I know it's valid in JS with a \1 instead of $1, but I'm having little luck in Obj C.

puzzl
  • 833
  • 9
  • 19
  • 1
    Have you read the [`NSRegularExpression` docs](https://developer.apple.com/library/mac/documentation/Foundation/Reference/NSRegularExpression_Class/index.html) and followed the link in the first paragraph to the ICU regular expression syntax? – CRD Mar 09 '15 at 20:55
  • Show the code your trying; and no, that regex won't work in objective-c. – l'L'l Mar 09 '15 at 20:55
  • I'm obligated to warn you [to not parse HTML with regular expressions](http://stackoverflow.com/questions/1732348/regex-match-open-tags-except-xhtml-self-contained-tags/1732454#1732454). HTML is **not** a regular language. – Joe Mar 09 '15 at 20:58
  • The regex I'm writing is not for parsing HTML, I'm using HTML here as an example, because it's much clearer than the regex I'm using. Yes, I have read the docs, and it's not clear whether this is supported, as the Template Matching Format section comes directly after other syntax tables, and does not specify whether it is valid in the pattern or not. All I'm asking is whether you can use a previous capture group within a pattern. – puzzl Mar 09 '15 at 21:00
  • 2
    Well in that case use `\1` ( `@"... \\1>"` ) instead of `$1`. – Joe Mar 09 '15 at 21:05
  • 1
    From the first table of metacharacters in the docs: *\n Back Reference. Match whatever the nth capturing group matched. n must be a number > 1 and < total number of capture groups in the pattern.* – CRD Mar 09 '15 at 22:04
  • @Joe You should post that as an answer. – Rob Mar 09 '15 at 22:57

2 Answers2

2

NSRegularExpression uses ICU Regular Expressions which uses \n syntax for back references where n is the nth capture group.

<(img|a|div).*?>.*?</\\1>
Joe
  • 56,979
  • 9
  • 128
  • 135
1

Yes, I do believe you can work with capture groups. I had to work with them a bit a little while ago and I have an example in:

-(NSString *) extractMediaLink:(NSString *)link withRegex:(NSString *)regex{
    NSString * utf8Link = [link stringByRemovingPercentEncoding]; 
    NSError * regexError = nil;

    NSRegularExpression * regexParser = [NSRegularExpression regularExpressionWithPattern:regex 
                                                                                  options:NSRegularExpressionCaseInsensitive|NSRegularExpressionUseUnixLineSeparators
                                                                                    error:&regexError];
    NSTextCheckingResult * regexResults =  [regexParser firstMatchInString:utf8Link
                                                                   options:0
                                                                     range:NSMakeRange(0, [utf8Link length])];

    NSString * matchedResults = [utf8Link substringWithRange:[regexResults rangeAtIndex:1]]; // the second capture group will always have the ID

    return matchedResults.length ? matchedResults : @"";
}

When you use an instance of NSRegularExpression to generate an NSTextCheckingResult, the NSTextCheckingResult has a property of numberOfRanges which is documented with:

A result must have at least one range, but may optionally have more (for example, to represent regular expression capture groups).
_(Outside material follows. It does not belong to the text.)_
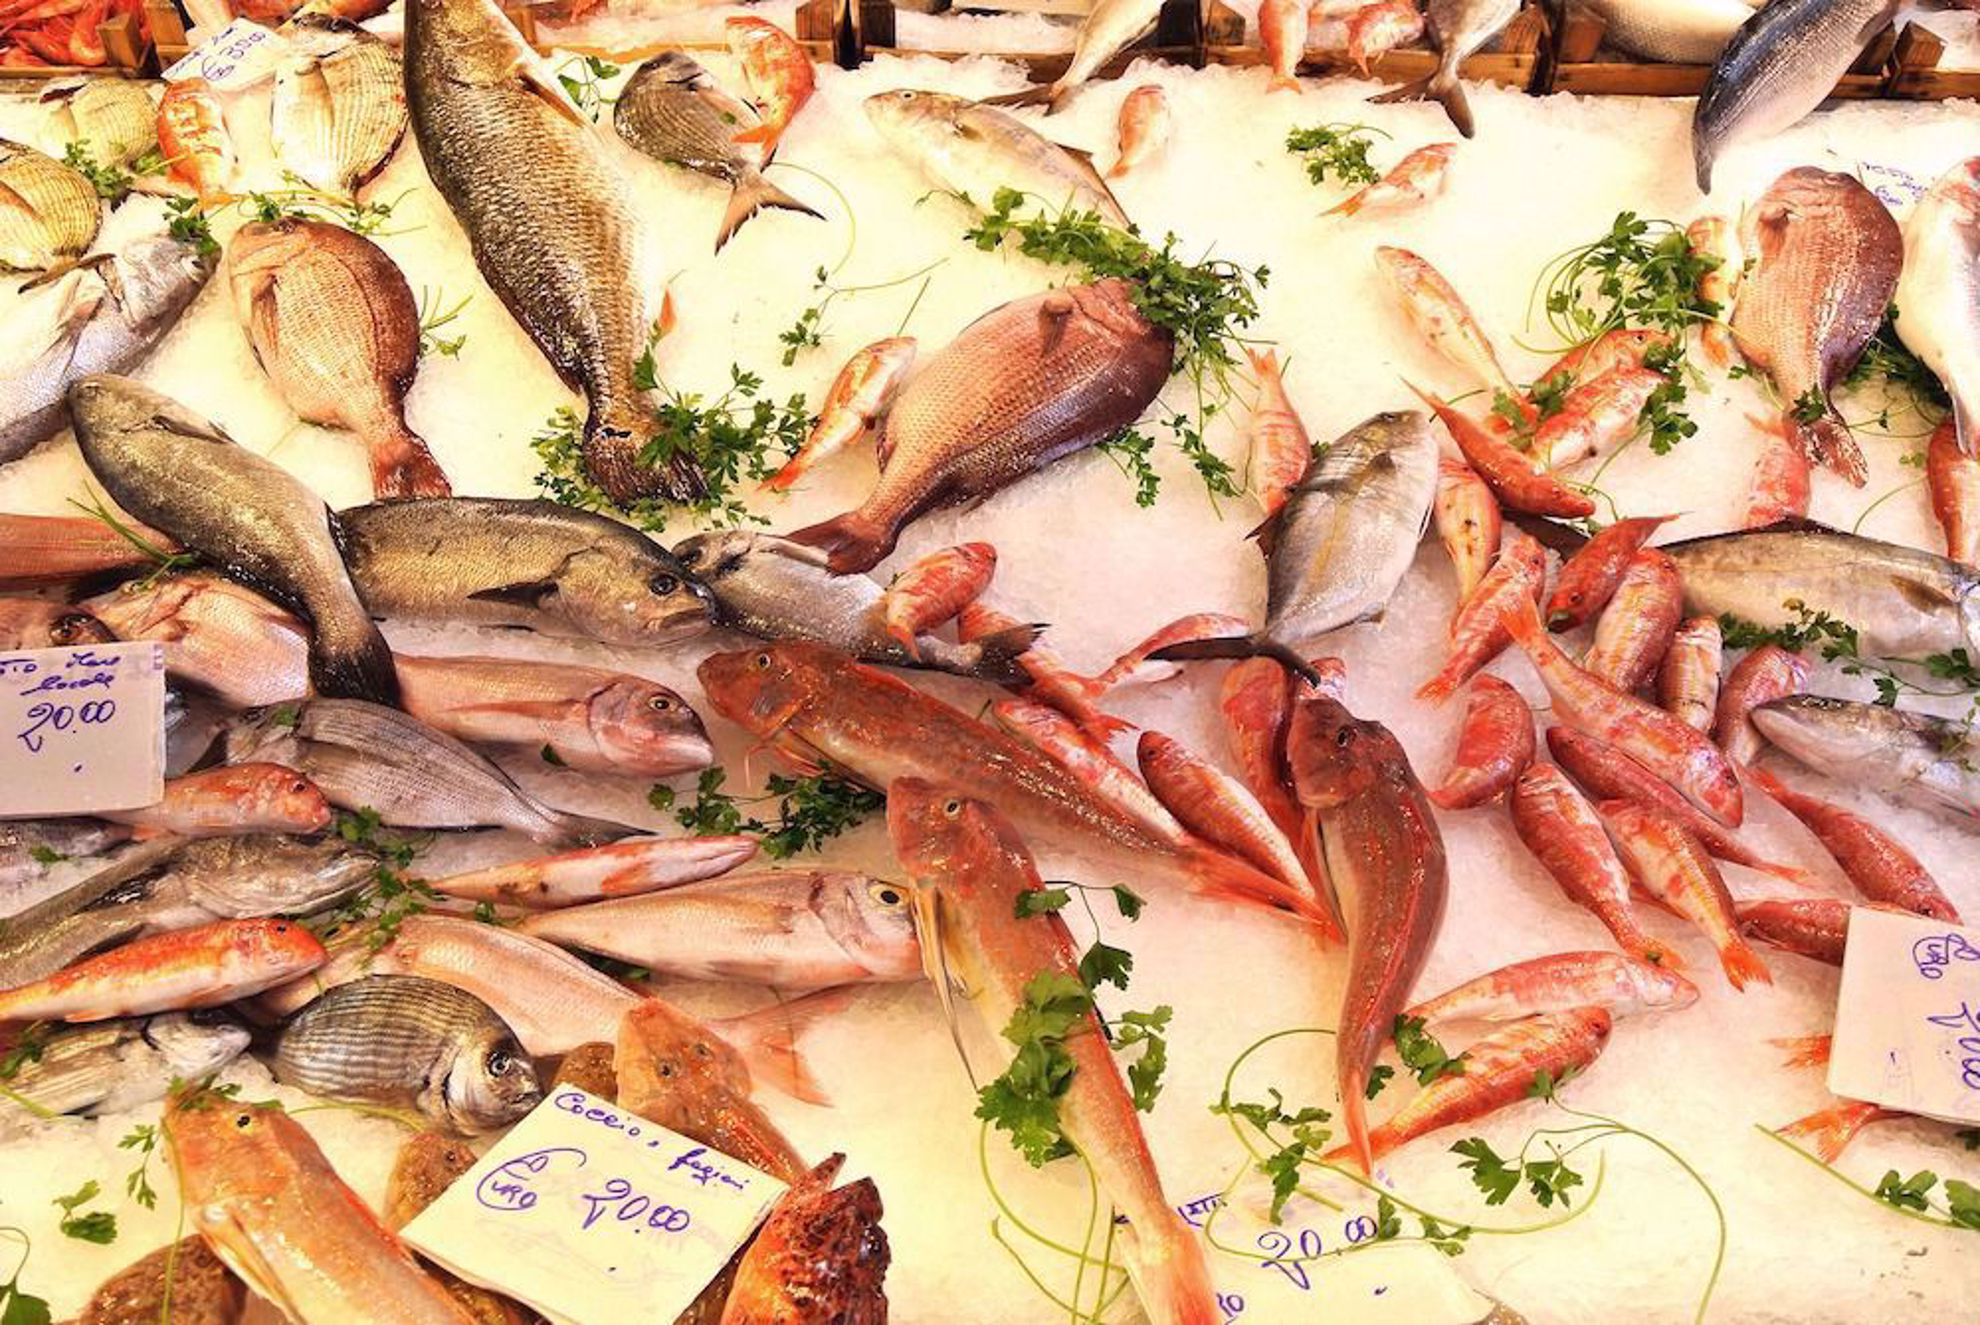 Fish at the market in Sicily
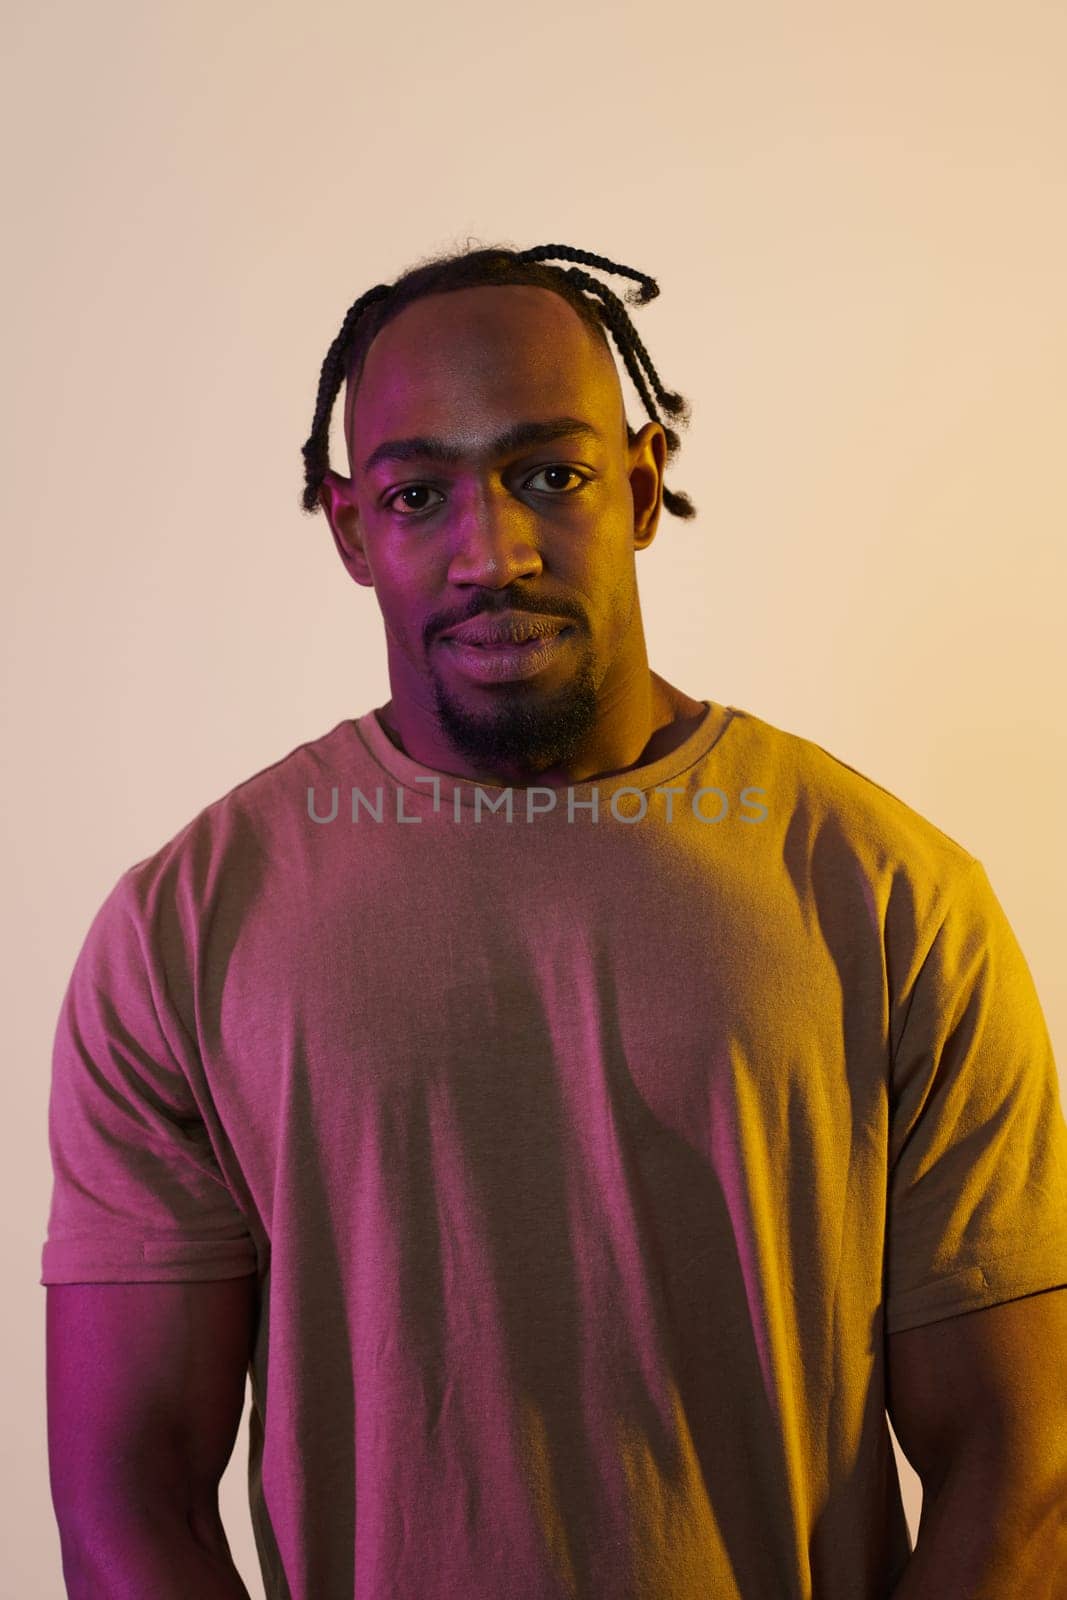 A charismatic and stylish African American man commands attention against a vibrant yellow gel background, showcasing his confident and contemporary fashion sense, radiating charm and sophistication in a striking portrait by dotshock

In my example above (Note: I happen to be parsing HTML, but using an addition pod that traverses HTML by XPath queries, TFHpple -- a lifesaver if you absolutely have to parse HTML), I use the -[NSRegularExpression firstMatchInString:options:range:] to check for the first instance of the tag that matches my regex pattern. From that NSTextCheckingResult I pull out the proper index of the capture group I'm interested in (in this case, [regexResults rangeAtIndex:1])

But, getting to this point was a huge pain in the ass. But to make sure you're getting the right expressions I would highly recommend using Regex101 with the Python setting, and then passing the refined regex into Patterns (Mac App Store)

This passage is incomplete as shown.